Personal information
- Nationality: Japan
- Born: 11 November 1989 (age 36)
- Height: 1.67 m (5 ft 5+1⁄2 in)
- Weight: 62 kg (137 lb)

Sport
- Sport: Canoeing
- Event: Sprint canoe
- Club: Waseda University
- Coached by: Octavian Ispas

Medal record
Women's canoe sprint
Representing Japan
Asian Games
| Silver medal – second place | 2010 Guangzhou | K-2 500 m |
| Bronze medal – third place | 2010 Guangzhou | K-4 500 m |
Asian Championships
| Silver medal – second place | 2011 Tehran | K-1 500 m |
| Silver medal – second place | 2011 Tehran | K-2 500 m |
| Silver medal – second place | 2013 Samarkand | K-2 1000 m |
| Bronze medal – third place | 2015 Palembang | K-2 500 m |

= Asumi Ōmura =

Japanese sprint canoeist (born 1989)

Asumi Ōmura (大村明日美, Ōmura Asumi) is a Japanese sprint canoeist, born in Shizuoka Prefecture. She won silver and bronze medal in the women's kayak doubles and four at the 2010 Asian Games in Guangzhou, China, respectively. Ōmura is also a member of the canoe and kayak team at Waseda University in Shinjuku, and is coached and trained by Octavian Ispas of Romania.

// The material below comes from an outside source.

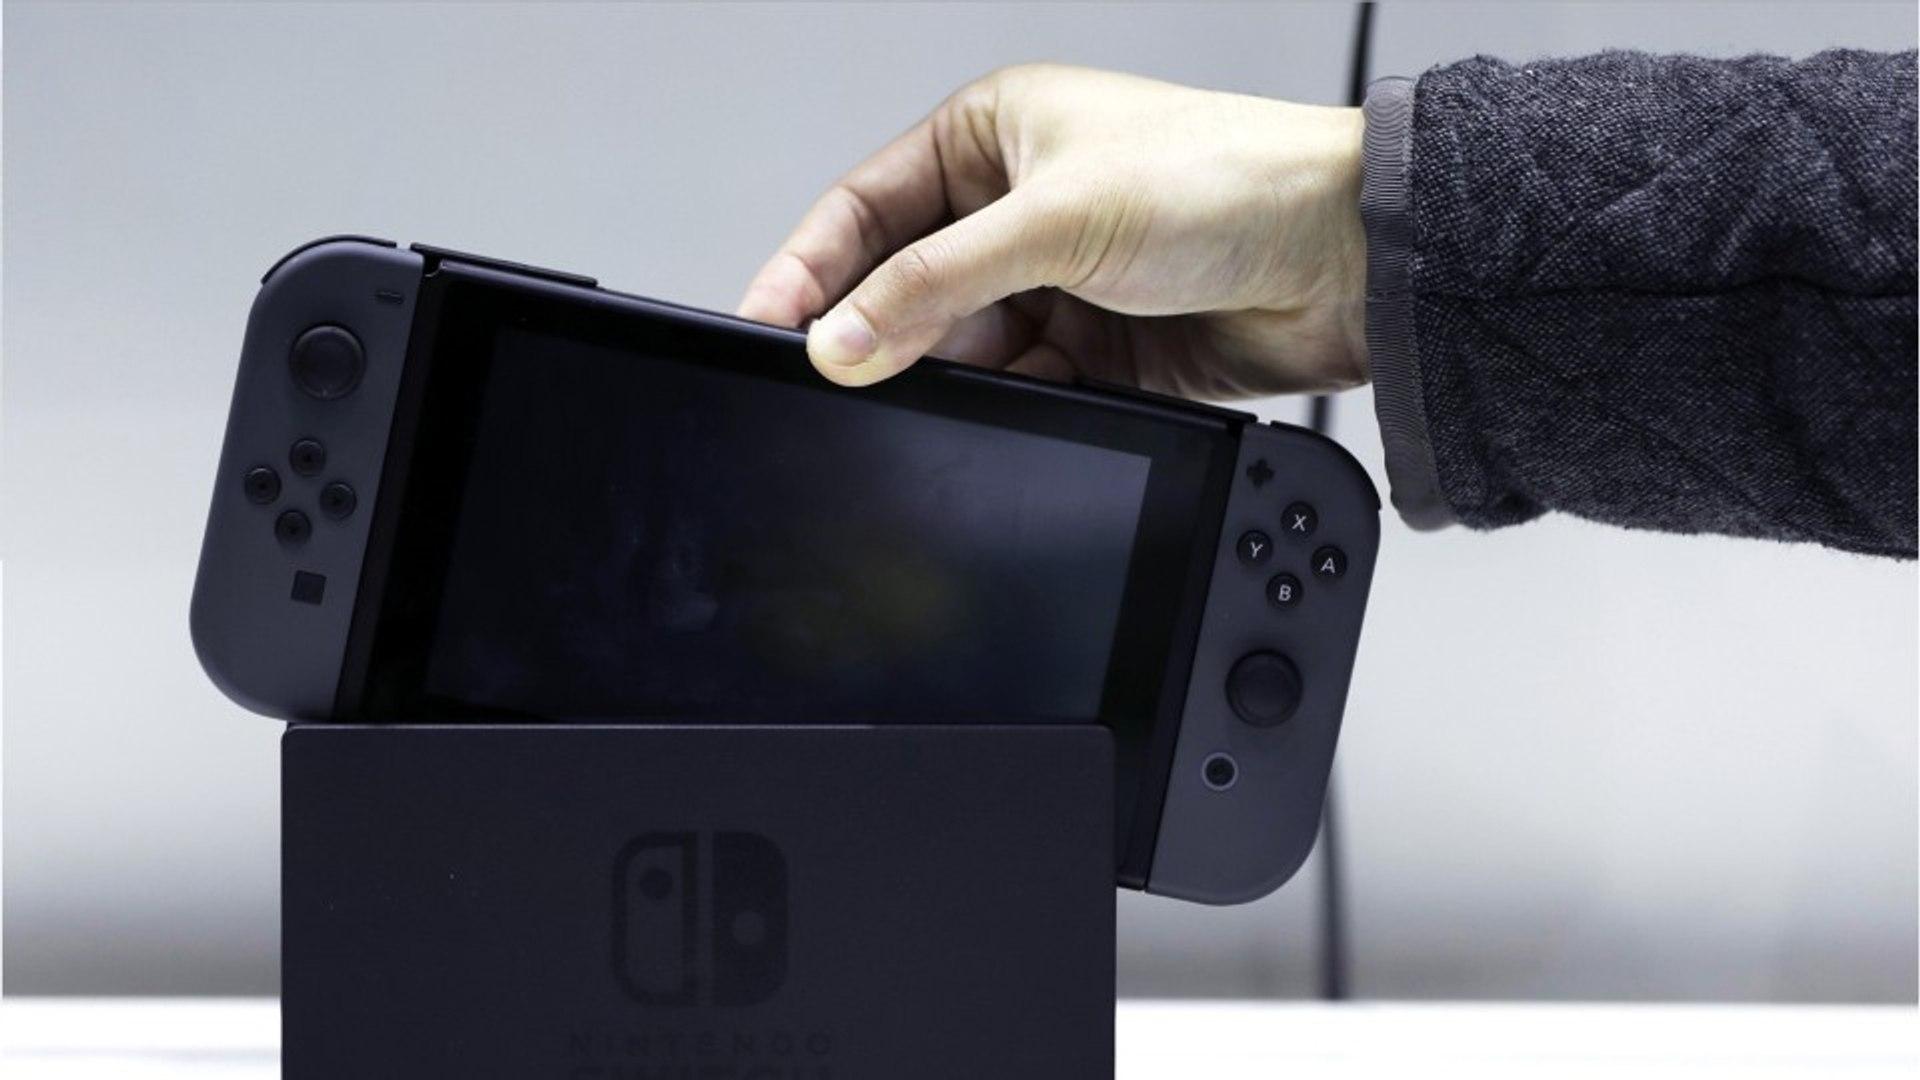 Nintendo Switch Tear Down Reveals DIY Friendly Console

Ōmura represented Japan at the 2012 Summer Olympics in London, where she competed in the women's K-2 500 metres. Ōmura and her partner Shinobu Kitamoto failed to advance into the semi-finals, as they placed sixth in the second heat by approximately two seconds behind the Slovakian pair Ivana Kmeťová and Martina Kohlová, with a time of 1:47.323.